Figure 3. FRMD8 binds to the iRhom2 N-terminus.

(A) Schematic representation of truncated human iRhom2 constructs used in (B–E). (B, C) Lysates and anti-HA immunoprecipitation (HA-IP) from HEK293T cells transiently co-transfected with FRMD8-V5 and either empty vector (vect) or truncated human iRhom2-3xHA constructs were immunoblotted for V5 and HA. (D) iRhom1/2 double knockout HEK293T cells stably expressing empty vector (vect) or human iRhom2-3xHA constructs were transiently transfected with alkaline phosphatase (AP)-tagged AREG and then incubated with 200 nM PMA or with DMSO for 30 min. AP activity was measured in supernatants and cell lysates. Each experiment was performed in biological triplicates. The results of three independent shedding experiments are shown. Statistical analysis was performed using a Mann-Whitney test. ****=p value<0.0001. (E) Lysates from iRhom1/2 double knockout HEK293T cells transiently transfected with empty vector (vect) or human iRhom2-3xHA constructs were immunoblotted for ADAM17 and HA.

Figure 3—figure supplement 1. A) Amino acid sequence alignment of human and mouse iRhom2 N-terminal region using Clustal Omega.

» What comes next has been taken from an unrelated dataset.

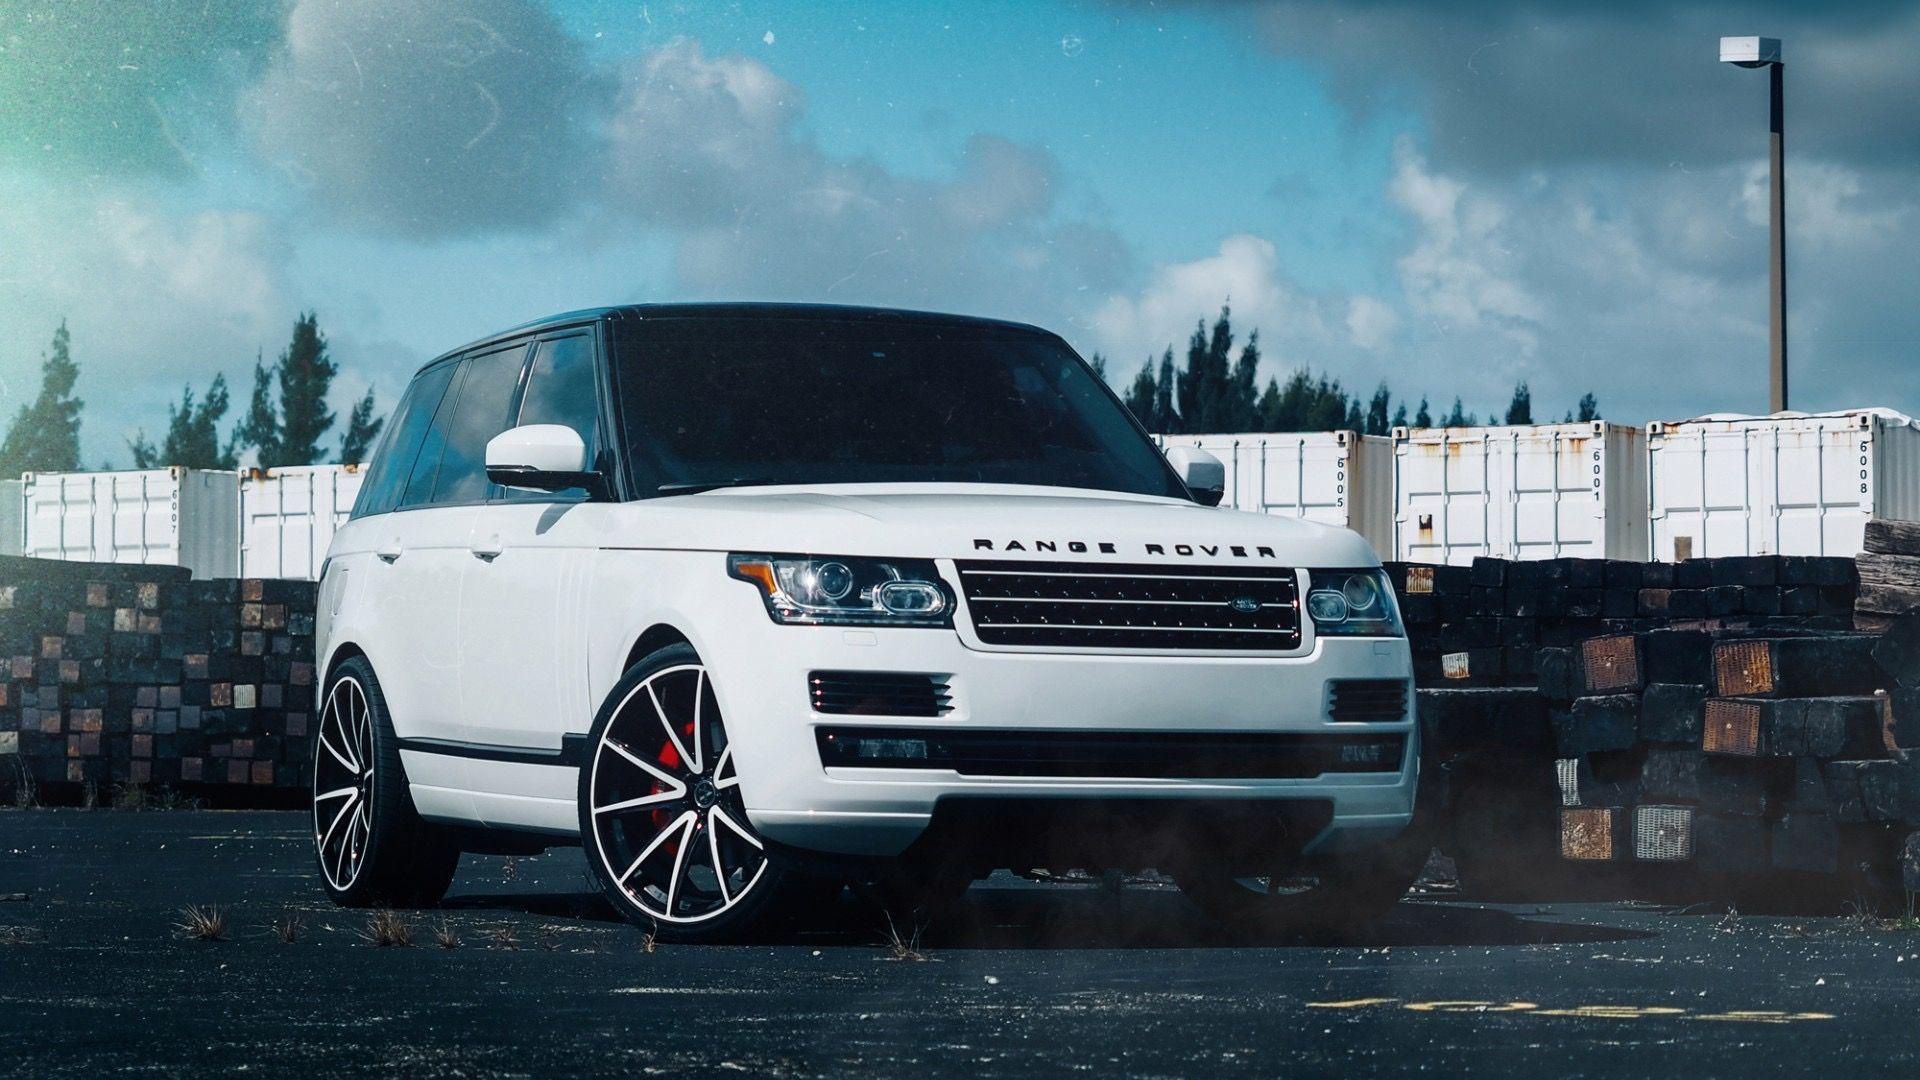 Range Rover 1080p picture
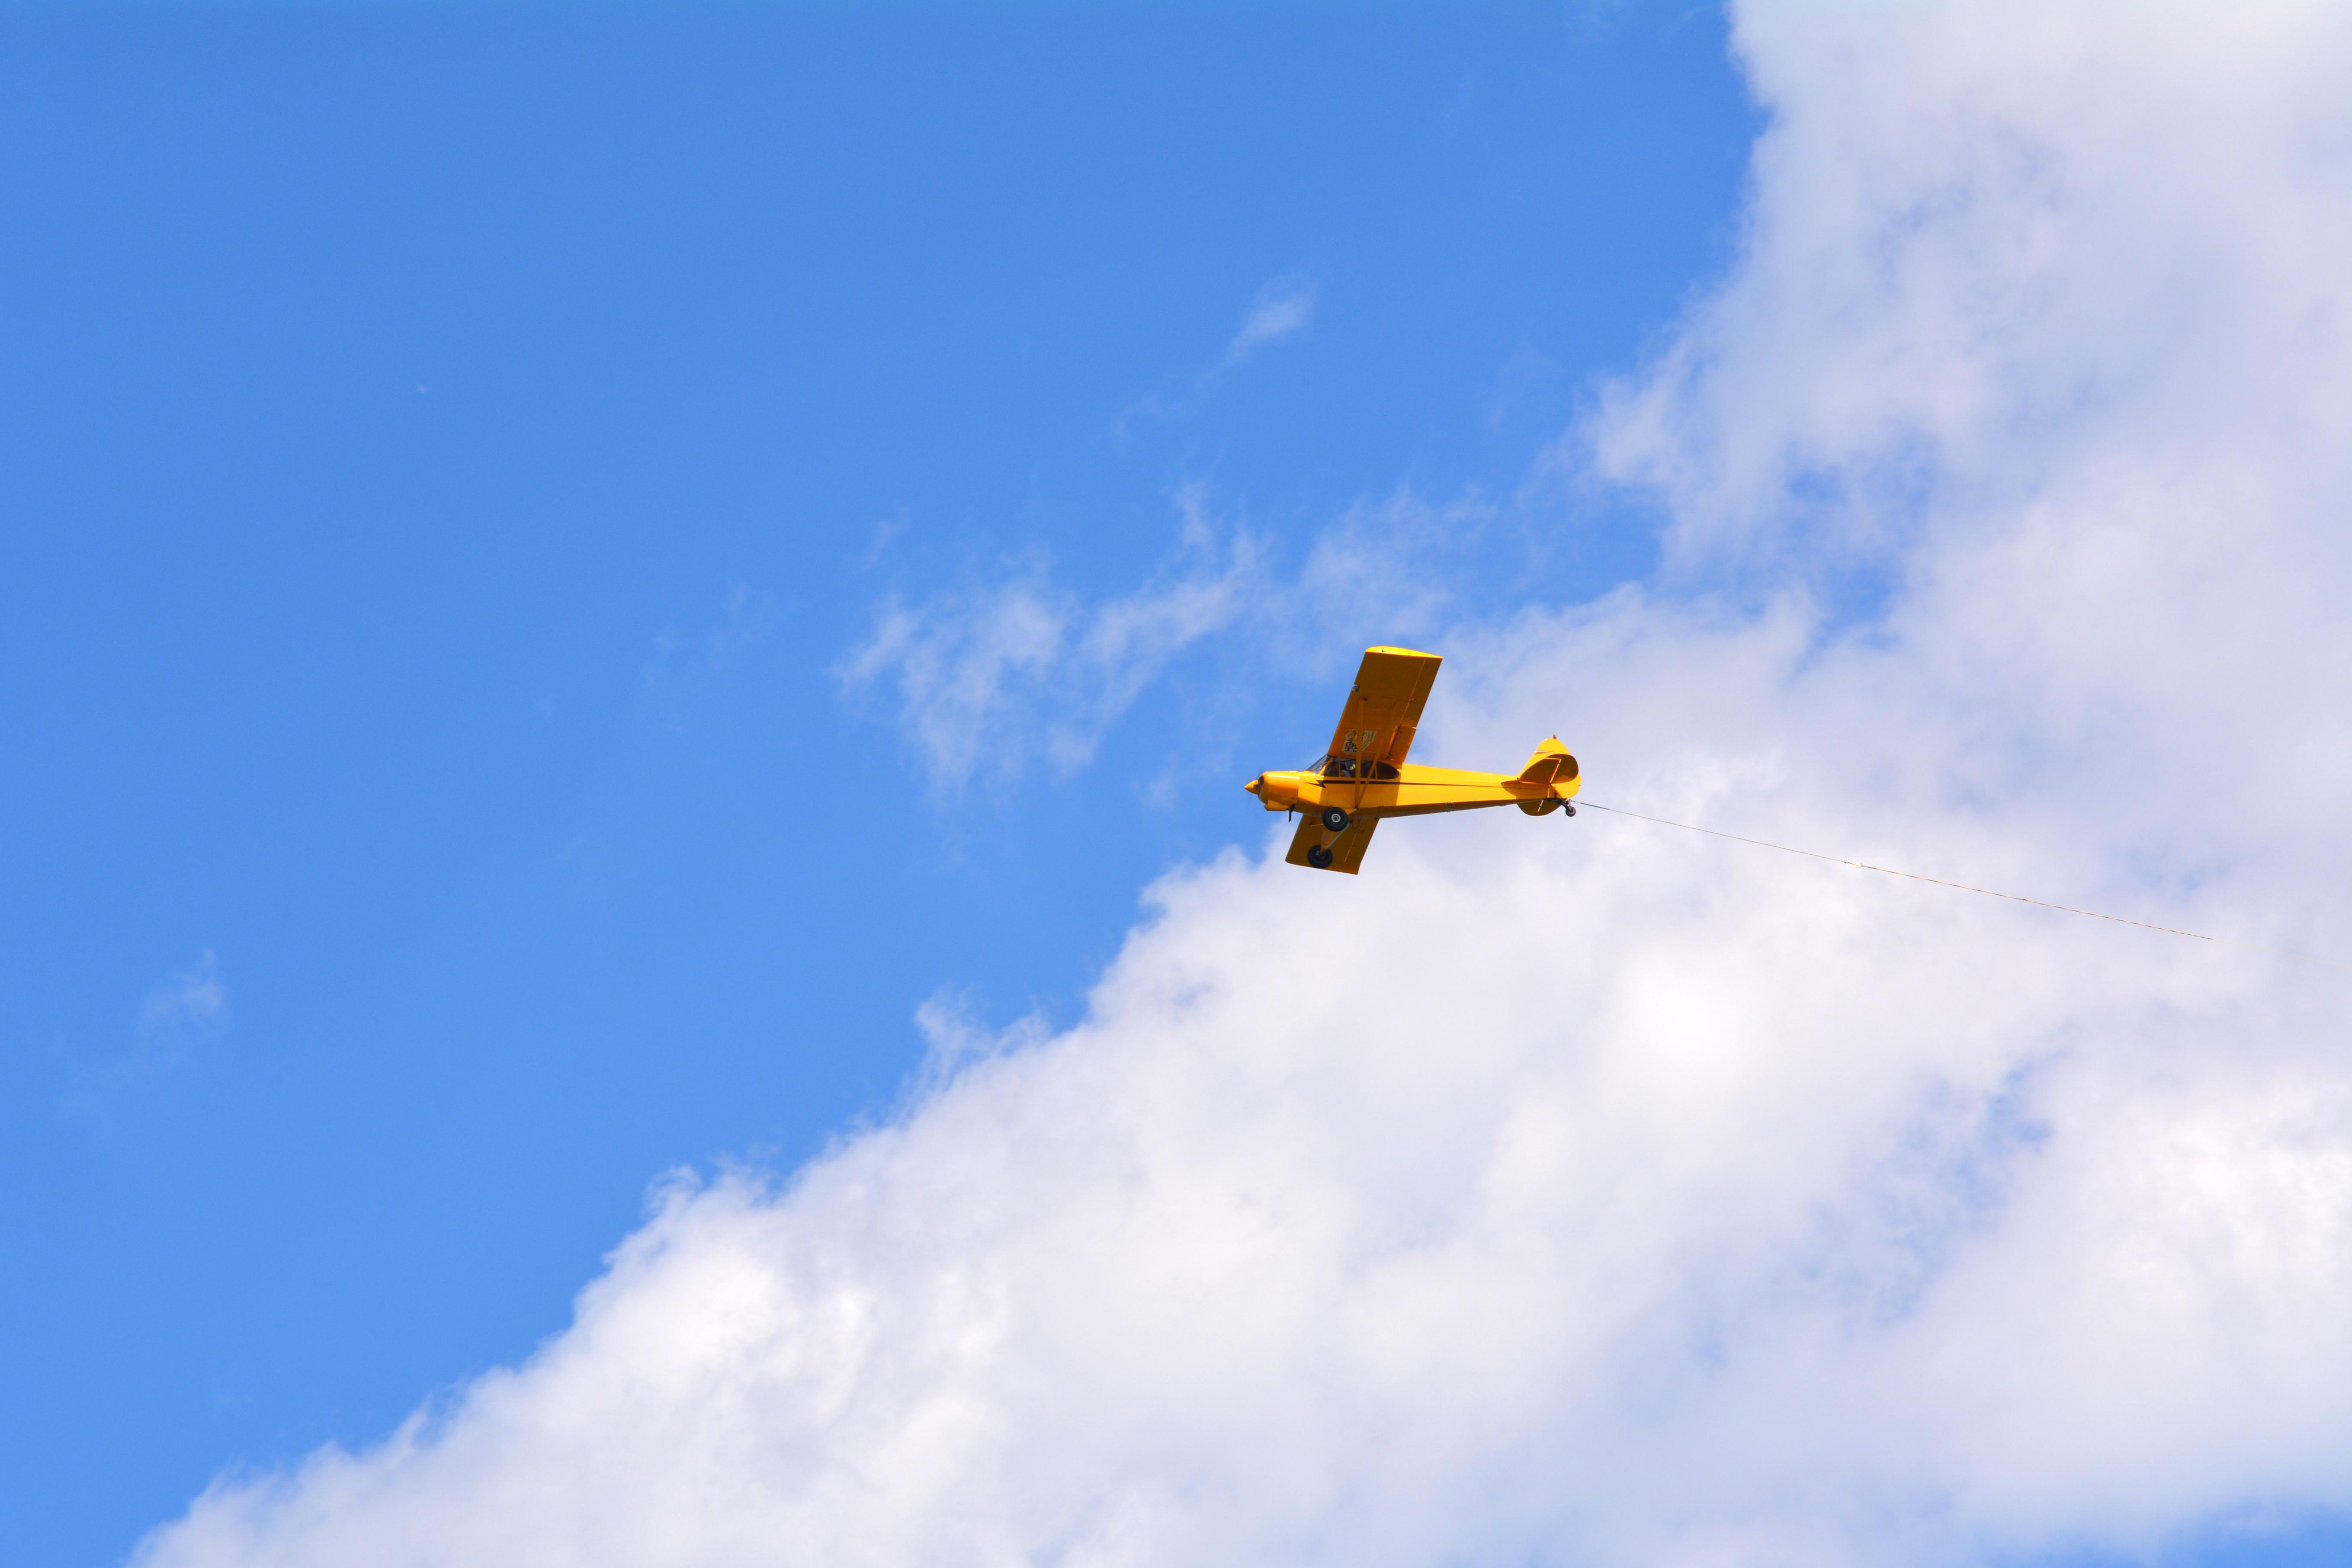 A small plane in flight

The region required for FRMD8 binding is highlighted in red. Conserved phosphorylation sites that have been mutated to alanine in the iRhom2^pDEAD (Figure 10—figure supplement 1) are marked in yellow. Grey residues indicate additional phosphorylation sites that have been reported on PhosphoSitePlus (www.phosphosite.org). An asterisk (*) indicates positions which have a fully conserved residue, a colon (:) indicates strongly similar properties of the amino acids, and a period (.) indicates weakly similar properties according to the Clustal Omega tool. (B) Lysates and anti-HA immunoprecipitation (HA-IP) from HEK293T cells transiently transfected with FRMD8-V5 and either empty vector (vect), mouse iRhom2^WT (WT) or Rhom2^cub (Δ268) were immunoblotted for V5 and HA.